Stephen E. Arnold: Replicant Hopes to Free Mobile from the Tyranny of Proprietary Software

BTS (Base Transciever Station), Design, Innovation, Mobile, Software, Spectrum
Stephen E. Arnold
Stephen E. Arnold

Replicant Hopes to Free Mobile from the Tyranny of Proprietary Software

August 27, 2013

Citing freedom and security concerns, the makers of Replicant are calling for donations, we learn from “Fundraising a Fully Free Fork of Android” at Boing Boing. The project hopes to give us all the choice to run our Android-based mobile devices entirely upon free software.

But wait, you ask, isn’t Android is already open source? Well, most of it, but a few “key non-free parts” keep our Android devices tethered to proprietary programs. Such parts, they say, include the layer that communicates with hardware; yes, that would be pretty important.

Also of concern to Replicant developers are the pre-loaded applications that some of us call “bloatware,” but upon which many users have come to rely. The team plans to develop free software that provides the same functionality. (I hope they also include the option to delete applications without them returning uninvited. That would be a nice change.) Furthermore, they have set up rival to the Google Play store, their app repository called F-Droid. That repository, the article notes, works with all Android-based systems.

The write-up summarizes:

“Mobile operating systems distributed by Apple, Microsoft, and Google all require you to use proprietary software. Even one such program in a phone’s application space is enough to threaten our freedom and security — it only takes one open backdoor to gain access. We are proud to support the Replicant project to help users escape the proprietary restrictions imposed by the current major smartphone vendors. There will still be problems remaining to solve, like the proprietary radio firmware and the common practice of locking down phones, but Replicant is a major part of the solution.”

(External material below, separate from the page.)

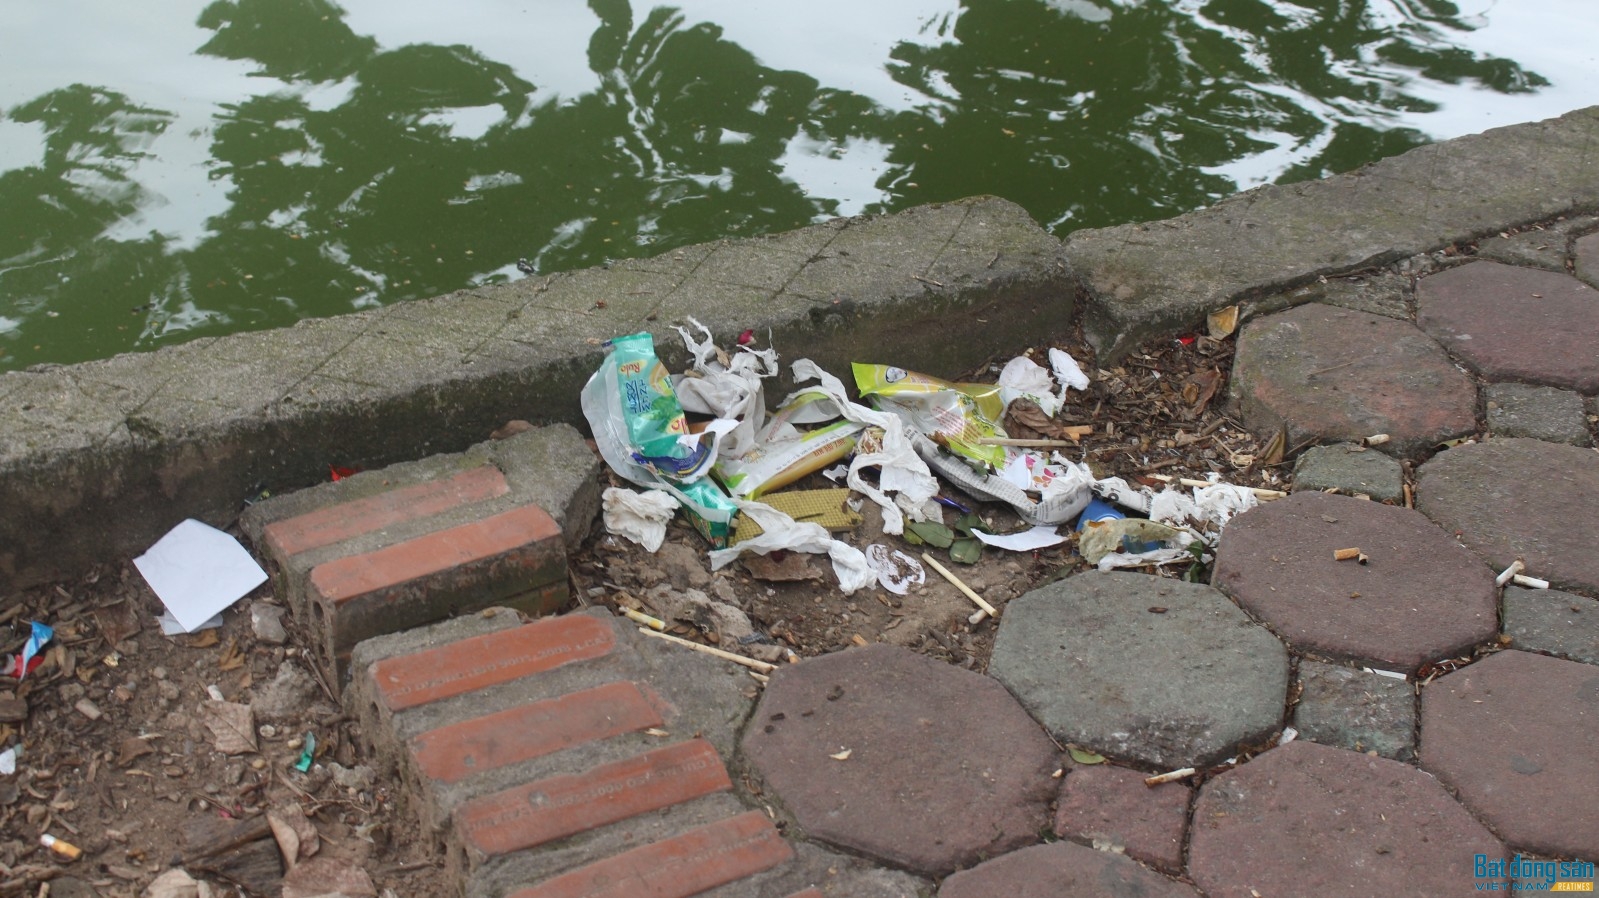 Gạch lát bong tróc, rác thải phủ đầy gây mất mỹ quan đô thị, đặc biệt là với một điểm du lịch nổi tiếng như hồ Gươm.
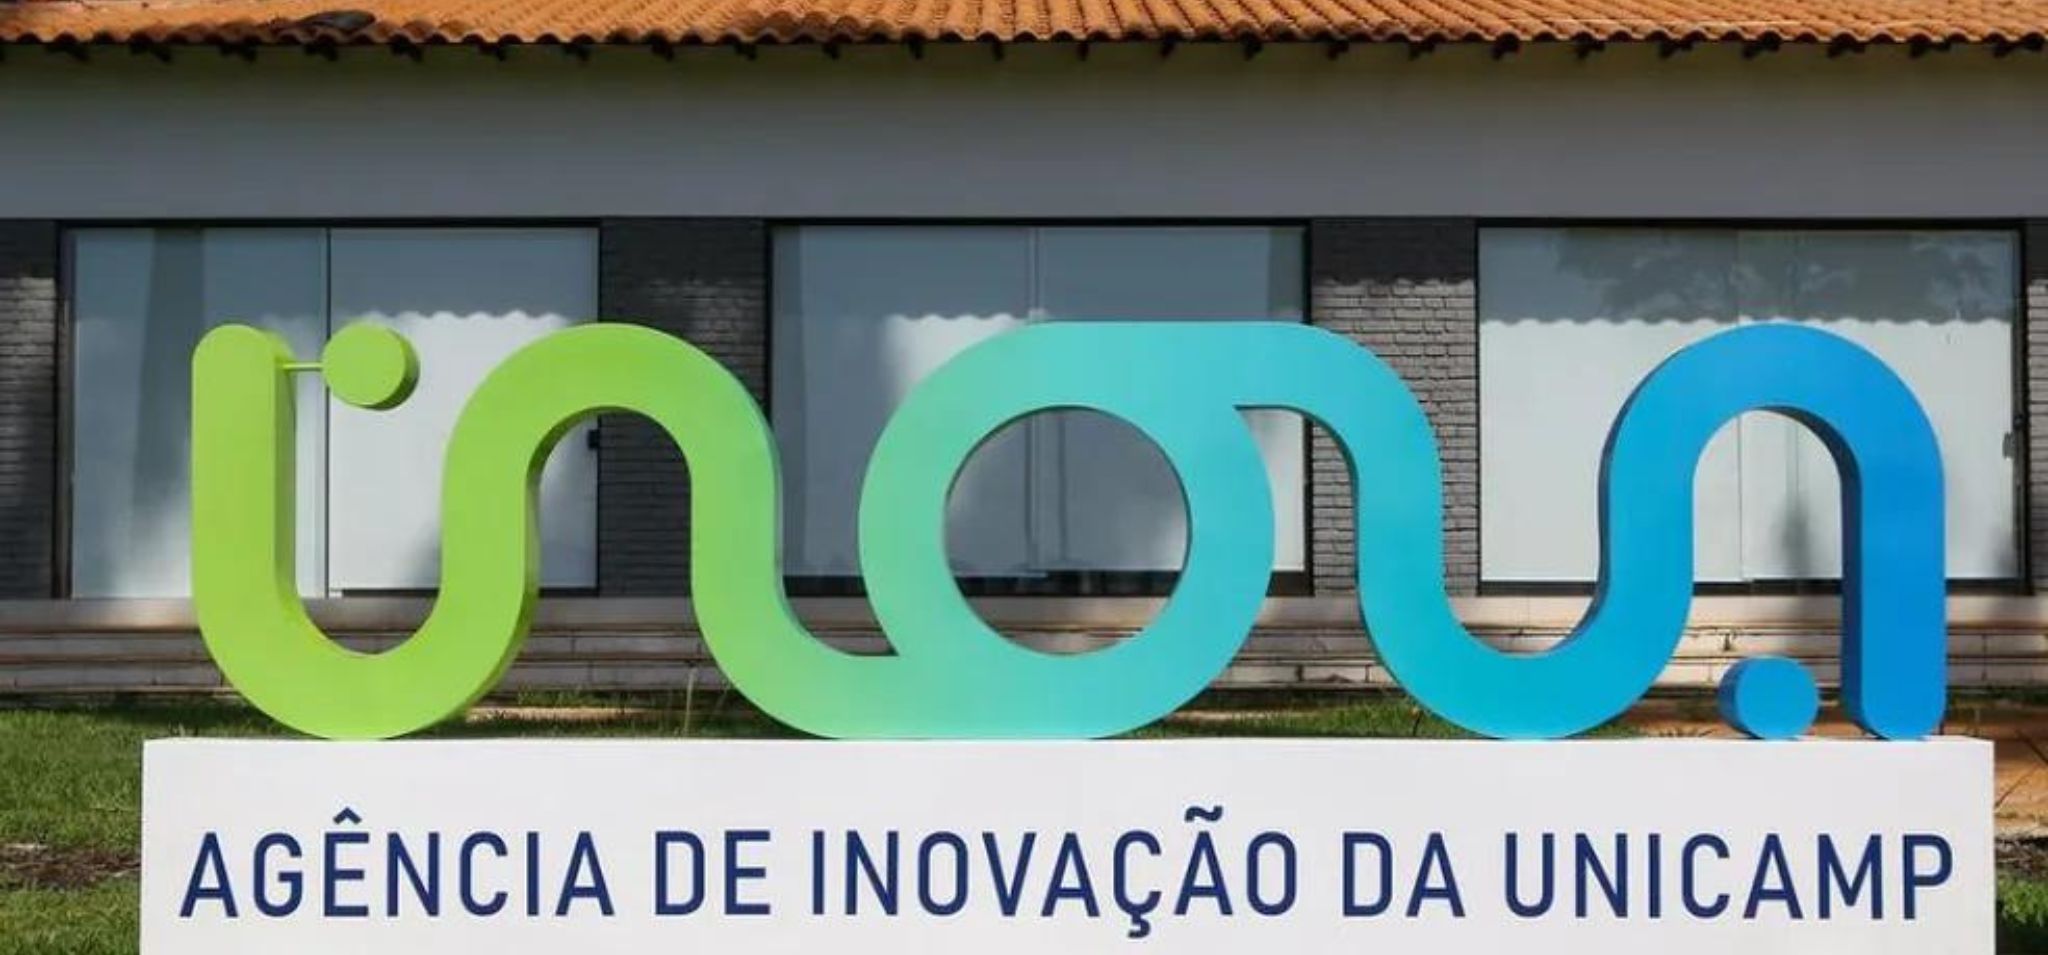 A imagem mostra uma placa da “Agência de Inovação da UNICAMP” no Brasil. A placa é composta pela palavra “Inova” em uma fonte estilizada, com as letras “I” e “n” em verde e as letras “o”, “v” e “a” em azul. A placa está sobre uma base de concreto branco com as palavras “Agência de Inovação da UNICAMP” em letras pretas. O fundo consiste em um prédio com telhado vermelho e paredes brancas.

Replicant is underpinned by copyrighted software that has been released under an assortment of free licenses, which their site links to here. This is an interesting initiative, and we have a couple of questions should it be successful: Will Google’s mobile search revenues come under increased pressure? What happens if Samsung or the Chinese mobile manufacturers jump on this variant of Android? We shall see.